◆ Exercise
Images are not wanted; transcribe the rest of the listing exactly.

◆ Dataset excerpt
_ _ _ _ _ _ _
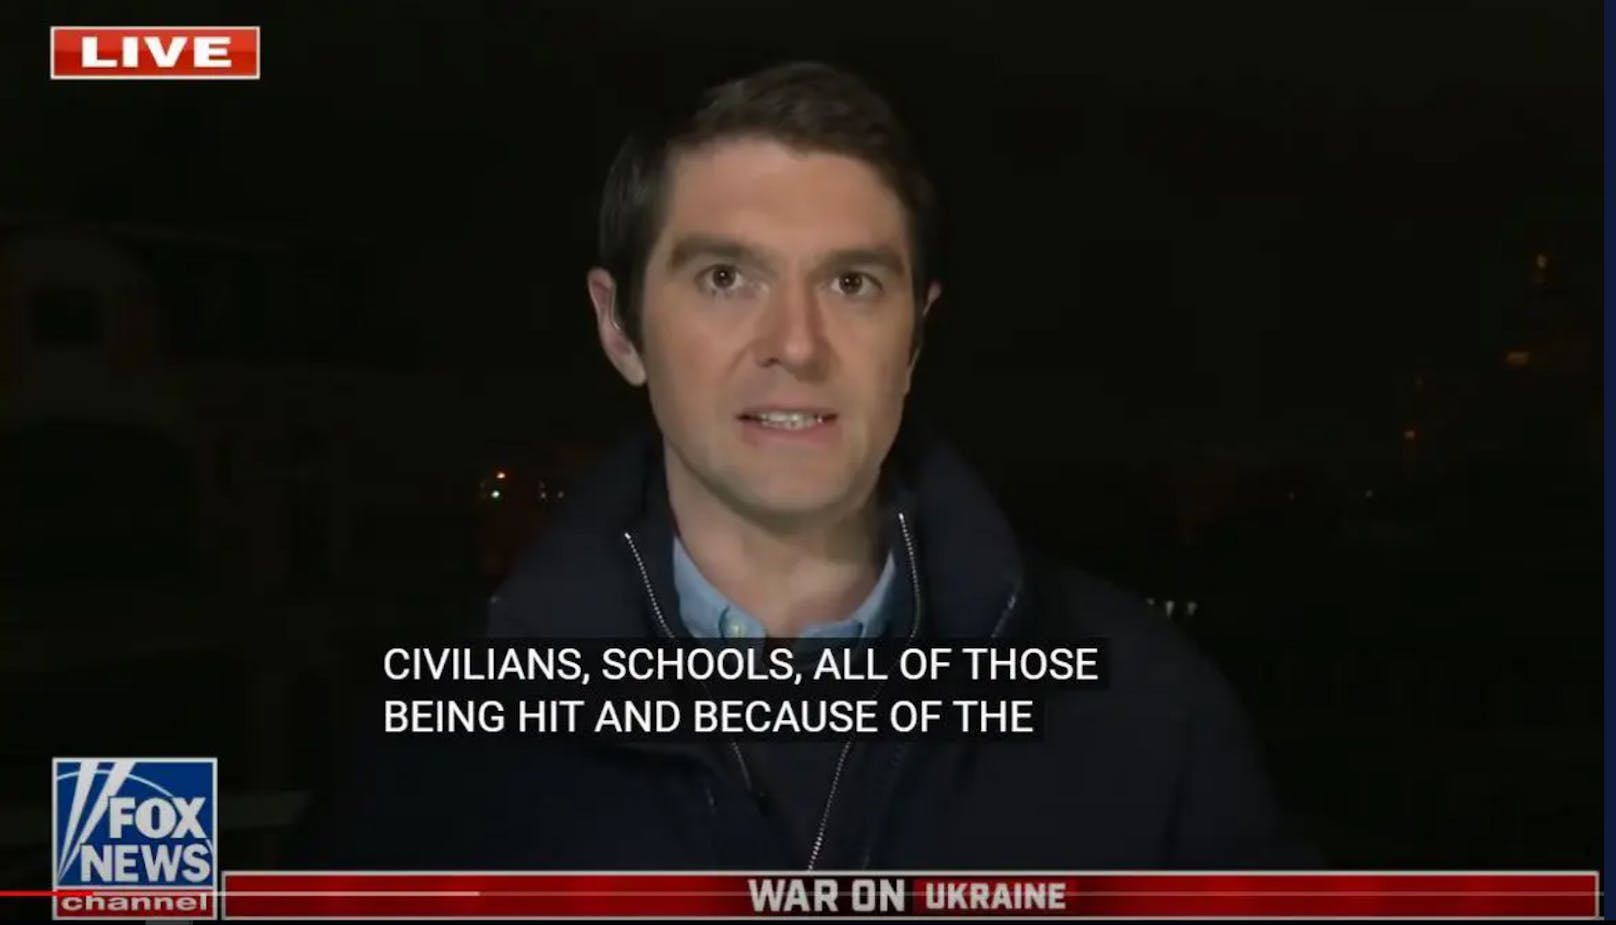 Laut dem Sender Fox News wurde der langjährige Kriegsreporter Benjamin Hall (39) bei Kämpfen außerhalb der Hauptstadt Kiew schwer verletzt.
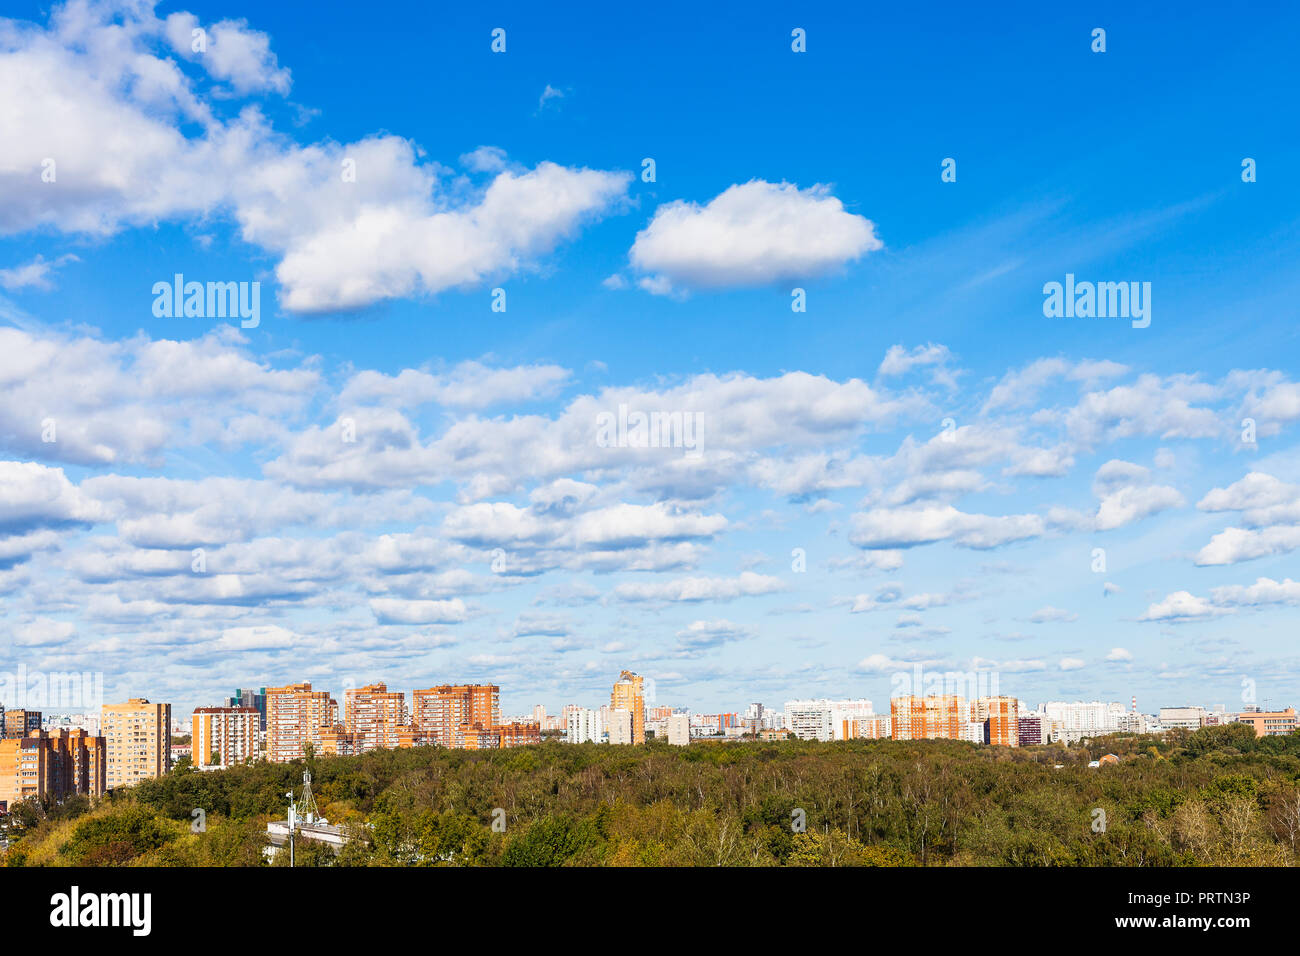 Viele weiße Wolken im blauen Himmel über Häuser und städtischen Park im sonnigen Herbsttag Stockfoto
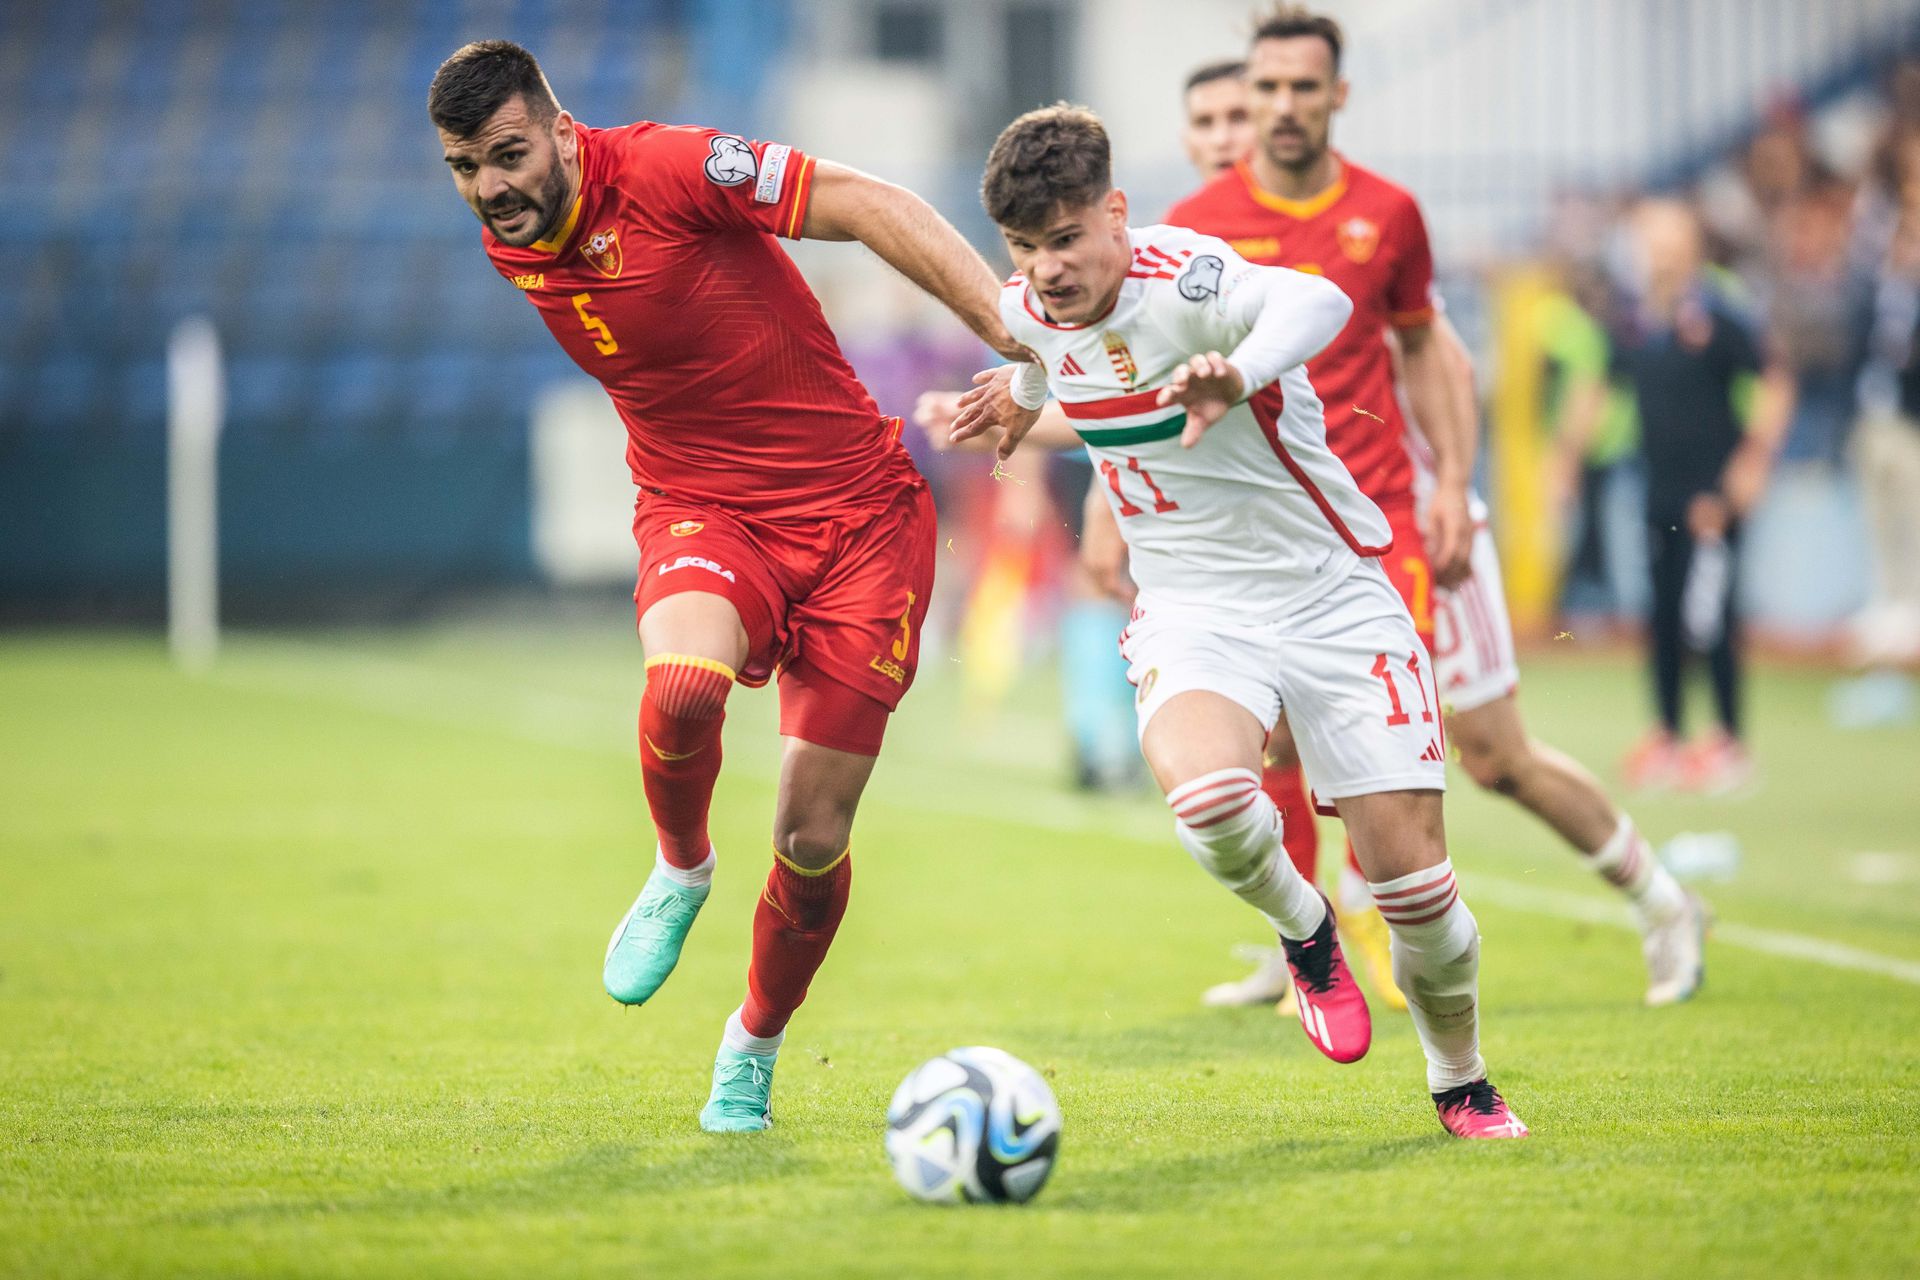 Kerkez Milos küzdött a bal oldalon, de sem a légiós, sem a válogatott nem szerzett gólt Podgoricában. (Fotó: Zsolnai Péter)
_ _ _ _ _ _ _
◆ Your solution
 Laut dem Sender Fox News wurde der langjährige Kriegsreporter Benjamin Hall (39) bei Kämpfen außerhalb der Hauptstadt Kiew schwer verletzt.
 Viele weiße Wolken im blauen Himmel über Häuser und städtischen Park im sonnigen Herbsttag Stockfoto
 Kerkez Milos küzdött a bal oldalon, de sem a légiós, sem a válogatott nem szerzett gólt Podgoricában. (Fotó: Zsolnai Péter)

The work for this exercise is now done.